Inverse Neural Rendering
for Explainable Multi-Object Tracking

We propose to recast 3D multi-object tracking (MOT) from RGB cameras as an Inverse Neural Rendering (INR) problem, by optimizing via a differentiable rendering pipeline over the latent space of pre-trained 3D object representations and retrieve the latents that best represent object instances in a given input image.

Today, most methods for image understanding tasks rely on feed-forward neural networks. While this approach has allowed for empirical accuracy, efficiency, and task adaptation via fine-tuning, it also comes with fundamental disadvantages. Existing networks often struggle to generalize across different datasets, even on the same task. By design, these networks ultimately reason about high-dimensional scene features, which are challenging to analyze.
To this end, we optimize an image loss over generative latent spaces that inherently disentangle shape and appearance properties. We investigate not only an alternate take on tracking but our method also enables examining the generated objects, reasoning about failure cases, and resolving ambiguous cases. We validate the generalization and scaling capabilities of our method on automotive datasets that are completely unseen to our method and do not require fine-tuning.

Dataset unseen by the method.

Paper

Julian Ost*, Tanushree Banerjee*, Mario Bijelic, Felix Heide

arXiv Preprint

Approach

We cast object tracking as a test-time inverse rendering problem that fits generated multi-object scenes to the observed image frames.

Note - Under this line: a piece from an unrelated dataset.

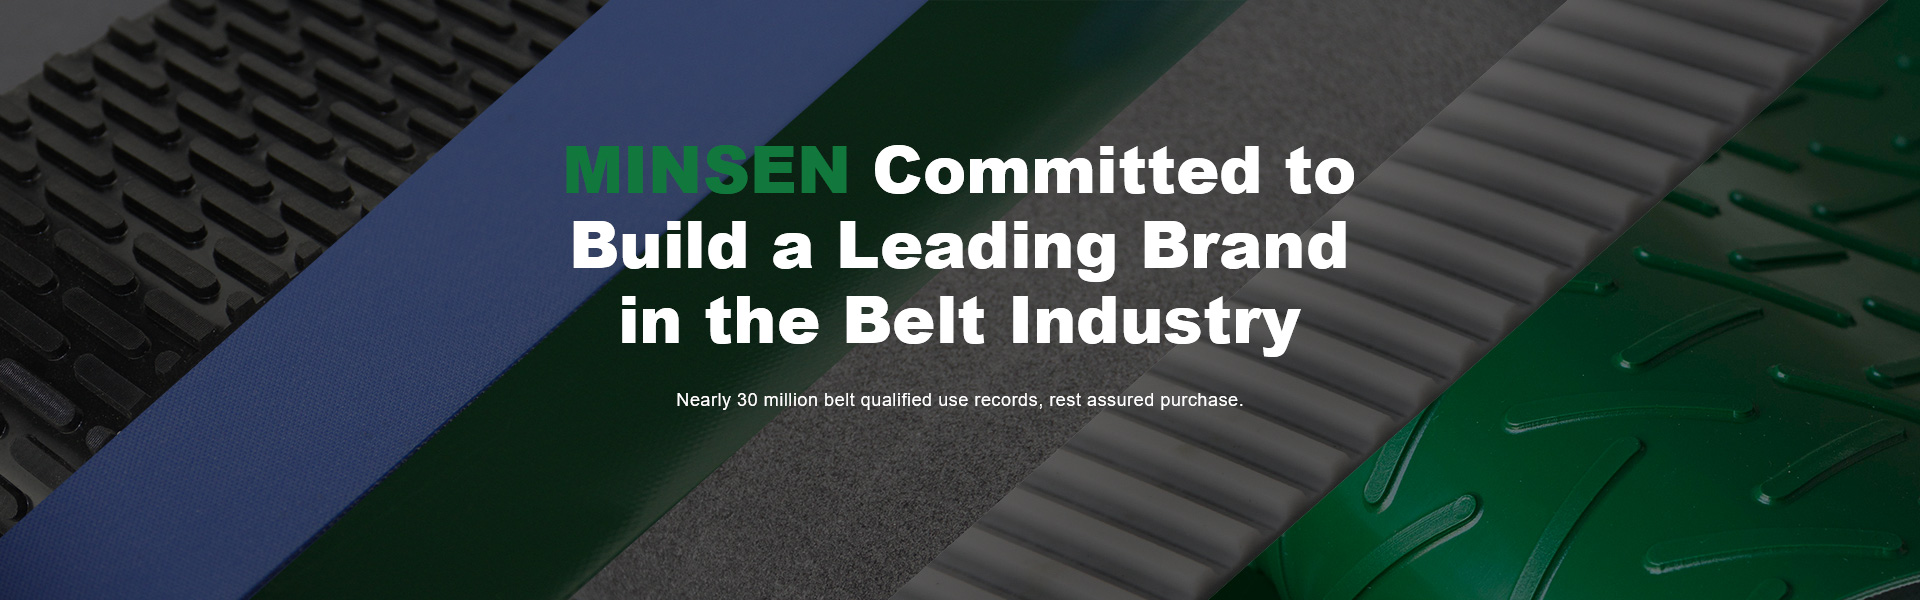 MINSEN Committed to Build a Leading Brand in the Belt Industry

For each 3D detection result from an object detector, we initialize embedding codes of an object generator $\mathbf{z}_S$ for shape and $\mathbf{z}_T$ for texture. This prior trained generative object model is frozen and only the embedding representation of both modalities together with the pose and size are optimized through inverse rendering to best fit the image observation at timestep $t_{k}$. By this, we model the underlying 3D scene for a frame observation as a composition of all object instances without the background scene. Inverse-rendered embeddings and refined object locations are provided to the matching stage to match predicted states of tracked objects of the past and the new observations. Shape, texture, and pose of matched tracklets are updated, and unmatched detections or tracklets discarded before predicting states in the next step $t_{k+1}$.

For each 3D detection bounding box $\left[ \psi, \mathbf{t}, s \right]$, we initialize the embedding codes of an object generator $\mathbf{z}_S$ for shape and $\mathbf{z}_T$ for texture. This prior trained model is frozen and only the embedding representation of both modalities together with the pose and size are optimized through inverse rendering to best fit the image observation. Inverse-rendered texture and shape embeddings and refined object locations are provided to the matching stage to match predicted states of tracked objects of the past and the new observations. Matched and new tracklets are updated, and unmatched tracklets are ultimately discarded before predicting states in the next step.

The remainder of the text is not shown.